The fluffy surface is a fluffy artificial leather having a lightness L ^* value of 20 or less in a color coordinate space (L ^* a ^* b ^* color space). The napped artificial leather according to claim 1, wherein the (meth) acrylic polymer particles contain a methacrylic polymer containing 50% by mass or more of a methacrylic monomer unit. The fluffy artificial leather according to claim 1 or 2, wherein the (meth) acrylic polymer particles have at least one of a heat melting temperature of 140 ° C. or higher and a glass transition temperature (Tg) of 70 ° C. or higher. The napped artificial leather according to any one of claims 1 to 3, wherein the content ratio of the (meth) acrylic polymer particles is 0.05 to 1.5% by mass. The napped artificial leather according to any one of claims 1 to 4, further comprising silicone adhering to the surface of the fiber. The napped artificial leather according to claim 5, wherein the silicone is an amino-modified silicone.
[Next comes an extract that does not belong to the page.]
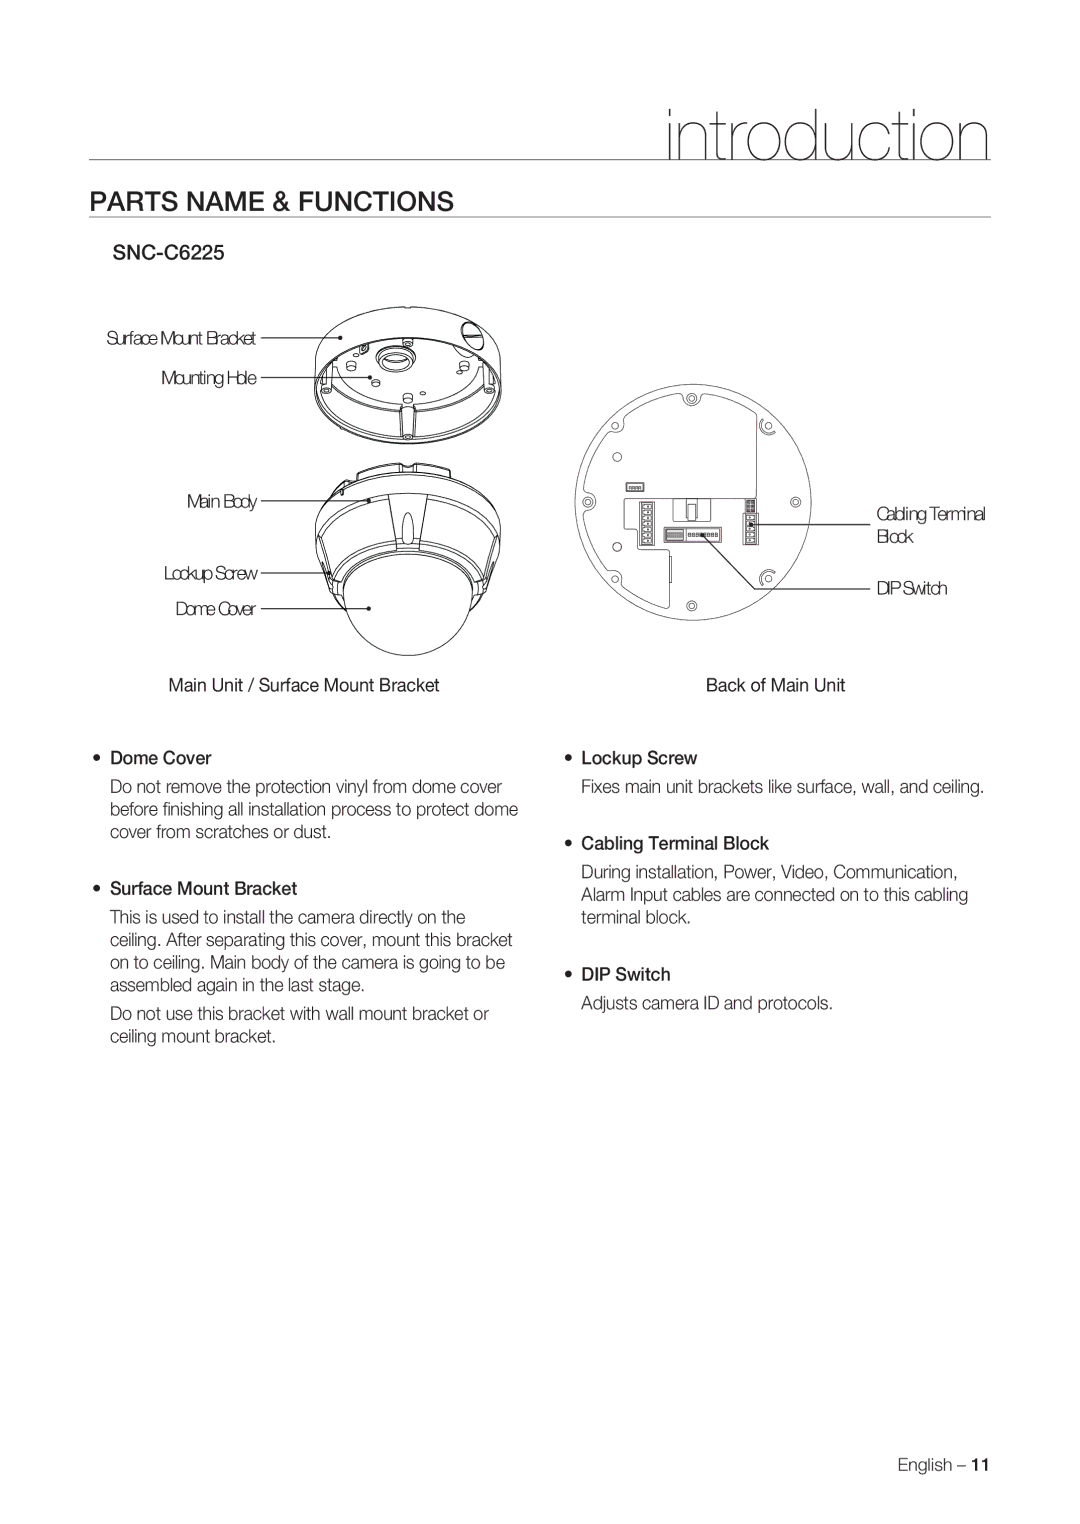 Samsung SNC-C6225, SNC-C7225 user manual Parts Name & Functions 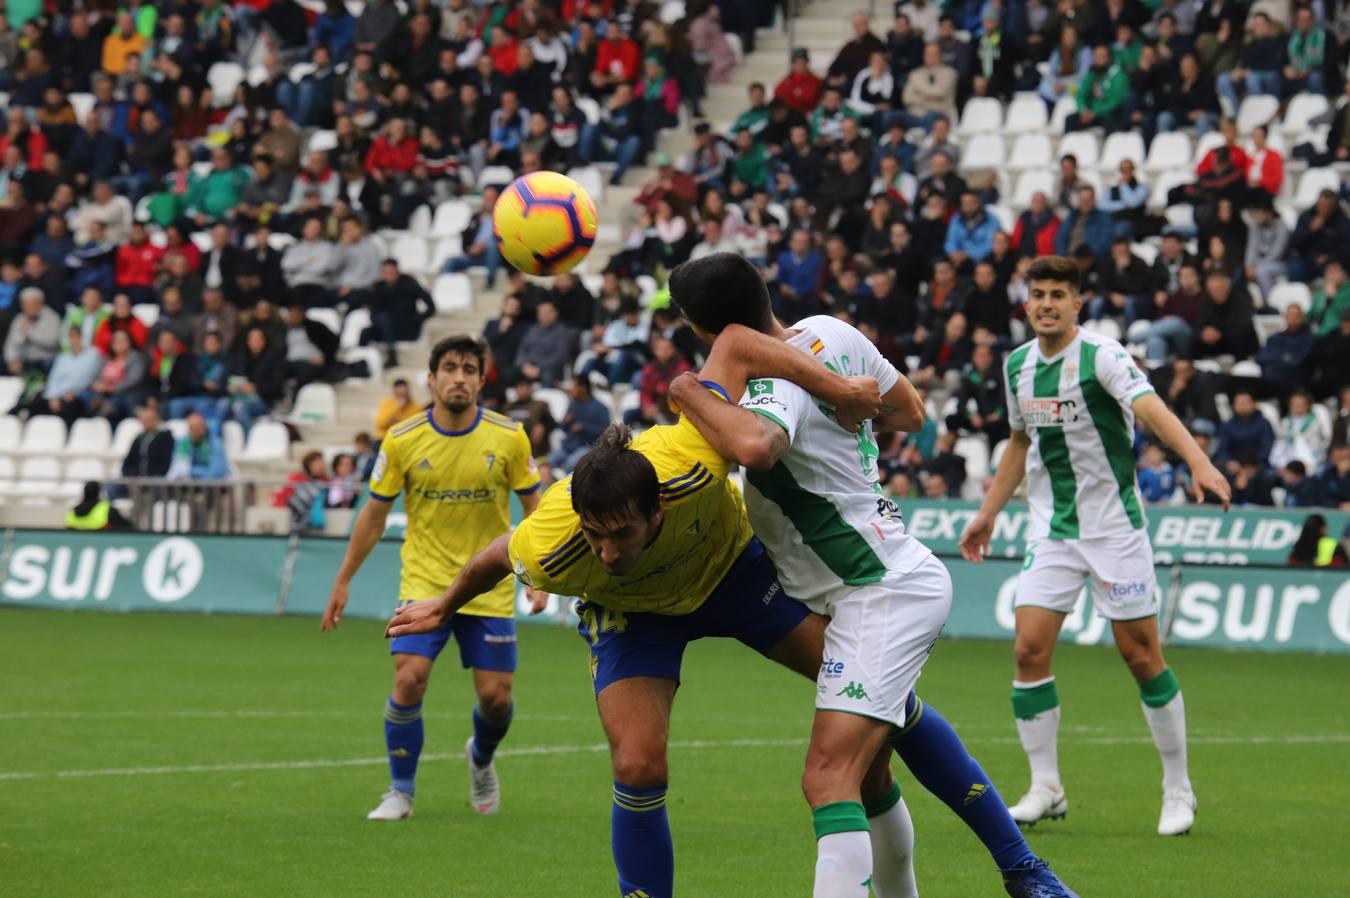 FOTOS: El Córdoba-Cádiz CF en imágenes

The napped artificial leather according to claim 5 or 6, wherein the content ratio of the silicone is 0.01 to 1% by mass. The fluff according to any one of claims 5 to 7, wherein the mass ratio of the (meth) acrylic polymer particles to the silicone ((meth) acrylic polymer particles: silicone) is 95: 5 to 70:30. Artificial leather. The fluffy artificial leather according to any one of claims 5 to 8, wherein the total content ratio of the (meth) acrylic polymer particles and the silicone is 0.1 to 2% by mass. The napped artificial leather according to any one of claims 1 to 9, wherein the coloring pigment contains carbon black. The napped artificial leather according to any one of claims 1 to 10, further comprising a polymer elastic body impregnated and imparted to the fiber entangled body.